From my analysis of data breach records from 2004 to 2021 encountered on multiple organizations, one of my main findings is that external attacks caused more detrimental loss in records and data compared to internal attacks. Another finding that appears is that hacking methods are most commonly used by these attackers and that the most targetted type of organization are medical organizations and BSOs since they possess the most sensitive personal data. These findings imply that taking serious action to secure personal data and proper training of employees, especially for MED and BSO organizations. 

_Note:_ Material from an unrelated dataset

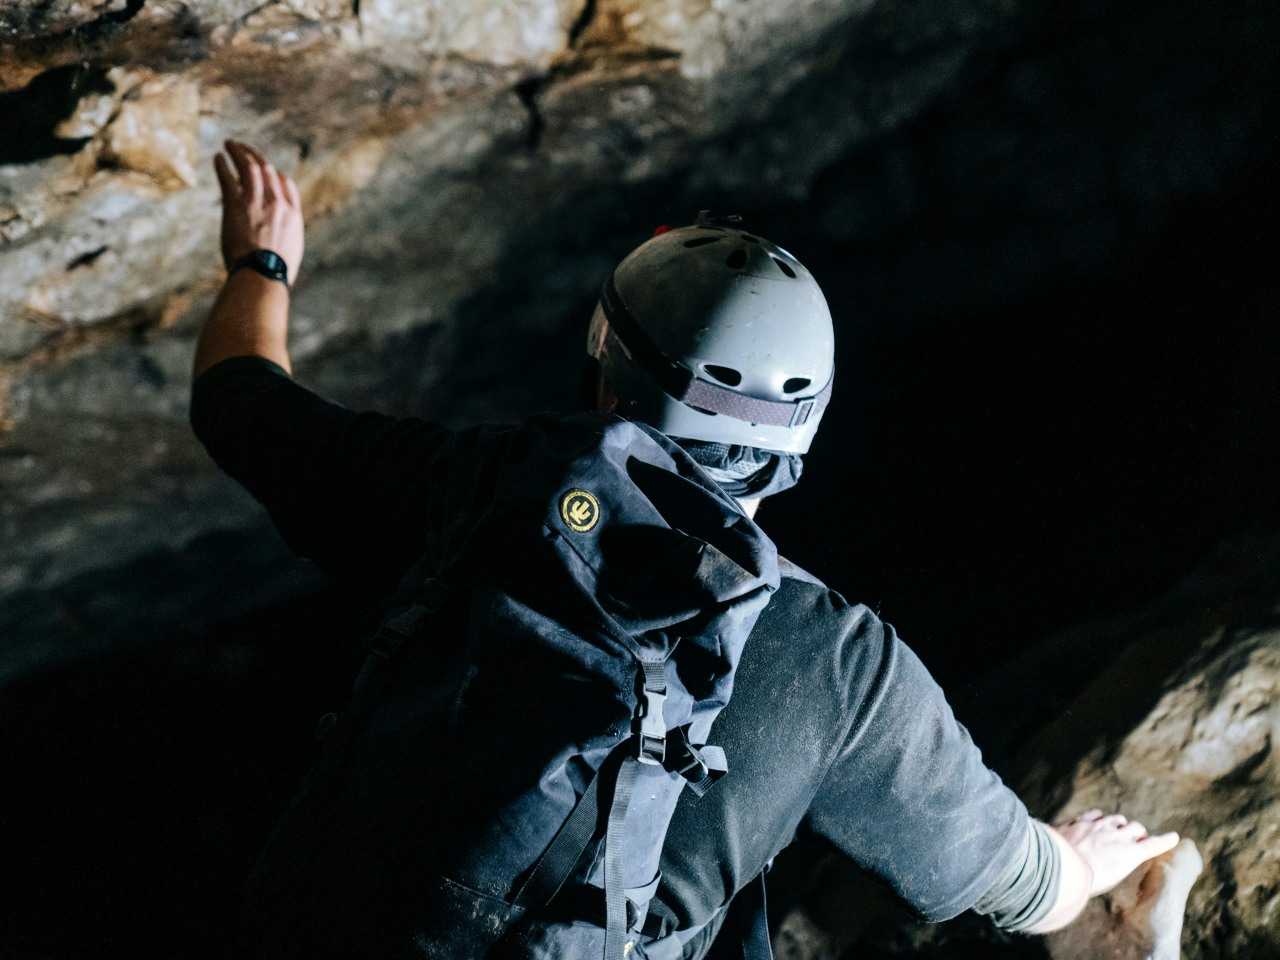 Man in cave with helmet and backpack
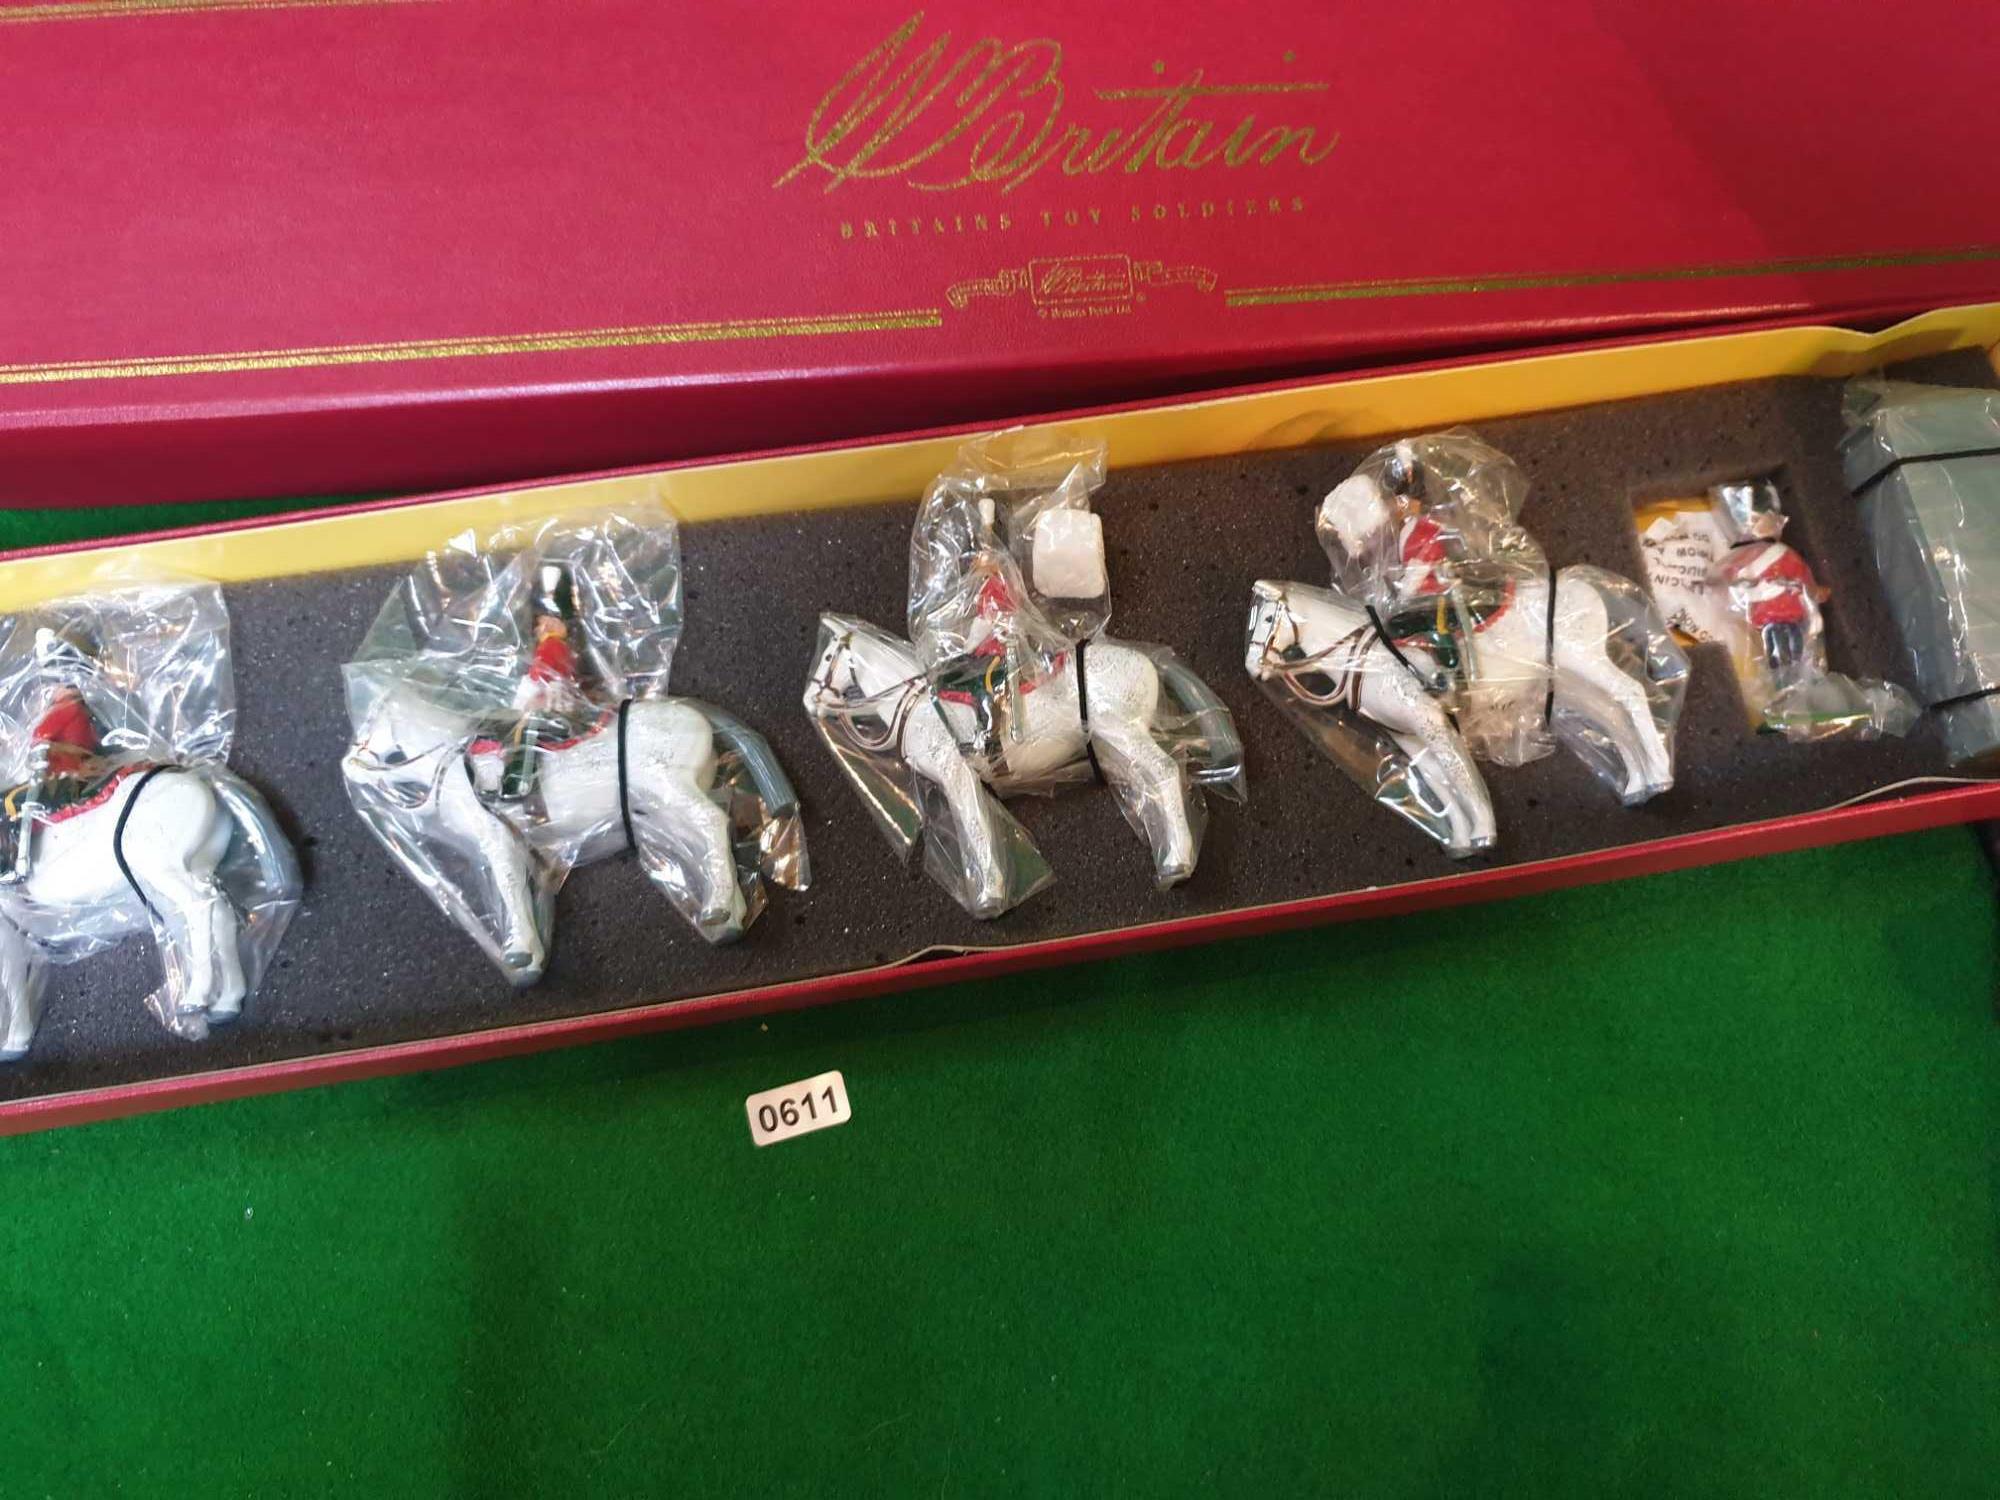 Britains 00075 British Royal Scots Greys Mounted Metal Toy Soldier Figure Set Mint Sealed In Box The - Image 2 of 2

Future research upon this study include identifying the main locations from which the confidential data are breached by hacking methods, for example via network servers, emails, etc. We should also research more on the preventive measurements that the organizations could take depending on their financial and technical ability so as to avoid as much data breaches as possible.